# Canning rump roast?



## SouthCentralUS (Nov 11, 2012)

Has anyone tried this? Just wondering how it would turn out.


----------



## Caribou (Aug 18, 2012)

Beef, moose, caribou, corned caribou, corned moose, salmon, you get the idea. Ninety minutes at 10psi or higher. I've canned this and more. I think Ike was in the White House when mom taught me to can. I have a jar of roast beef hash my buddy put up that I am anxious to try.


----------



## SouthCentralUS (Nov 11, 2012)

Brisket is on sale this weekend here. What would I do with canned brisket? Would it be good for soup? This is not brined.


----------



## readytogo (Apr 6, 2013)

SouthCentralUS said:


> Has anyone tried this? Just wondering how it would turn out.


Turns out great, ready for stew anytime, I also canned ready made stew, better with age.This may help you also.
http://www.gopresto.com/recipes/canning/vegetables.php


----------



## OldCootHillbilly (Jul 9, 2010)

Roast, cut it inta squares an brown it up a bit first. Then can with a bit a beef broth an light on the seasonins. Goof fer stew, beef an noodles, casserole an the like.

Brisket, Ifin it were me, I'd smoke it some first. Barrin bein able ta do that, cook it in the oven a bit with some a yer favorite seasonin, go easy on the seasonin though. Then defat it, cube it an do the same as the roast. Good fer taco's an the like as well as the thins fer roast.


----------



## SouthCentralUS (Nov 11, 2012)

Thanks Ready and Coot. I just now got 11 pints beef cubes in the canner coming up to steam.


----------



## SouthCentralUS (Nov 11, 2012)

I cut the flats off the 2 briskets to smoke and defatted the points, cut them into cubes, put in pints with 1/4 tsp Better than Bullion.

Opened a pint to try and made beef stew.
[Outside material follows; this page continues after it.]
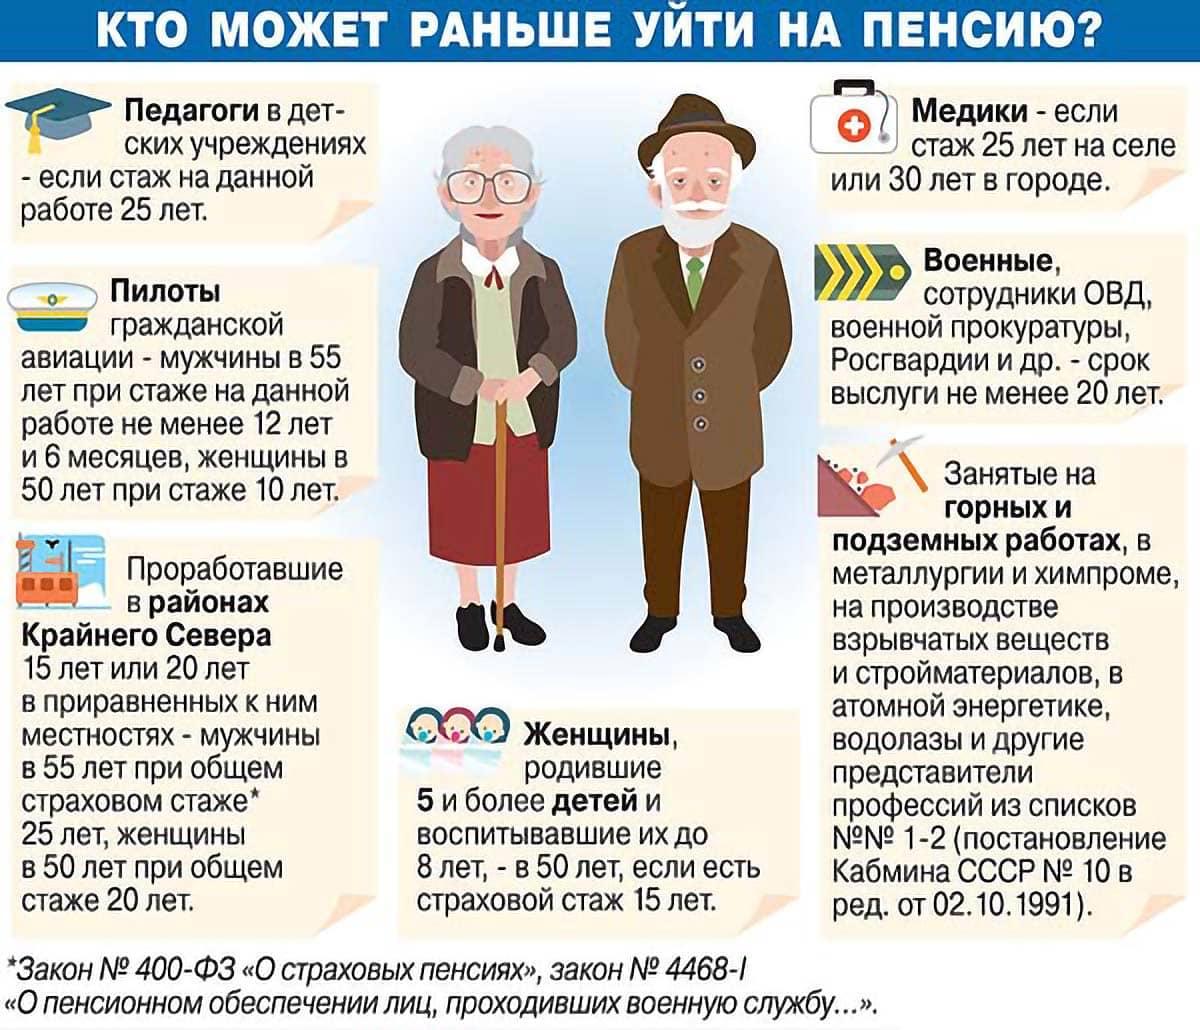 досрочная пенсия другие работники схема

OMG!!! Even my husband who is not a beef stew person said it was the best he ever ate.

Now I am waiting for chuck or rump to go on sale to try. Wieners are on sale again so I will probably buy a case to can. Already have about 30 pounds of hamburger in the freezer I can't wait to thaw and can. Made spaghetti sauce to try my first batch and it was fine.

I think you guys have created a monster. Just don't know where to store it all.


----------



## kappydell (Nov 27, 2011)

The canning season for roasts is coming up....around here they go on sale cheapest in the summer when everybody wants quick-cooking stuff for the grill. I stock up on roasts and get to canning!


----------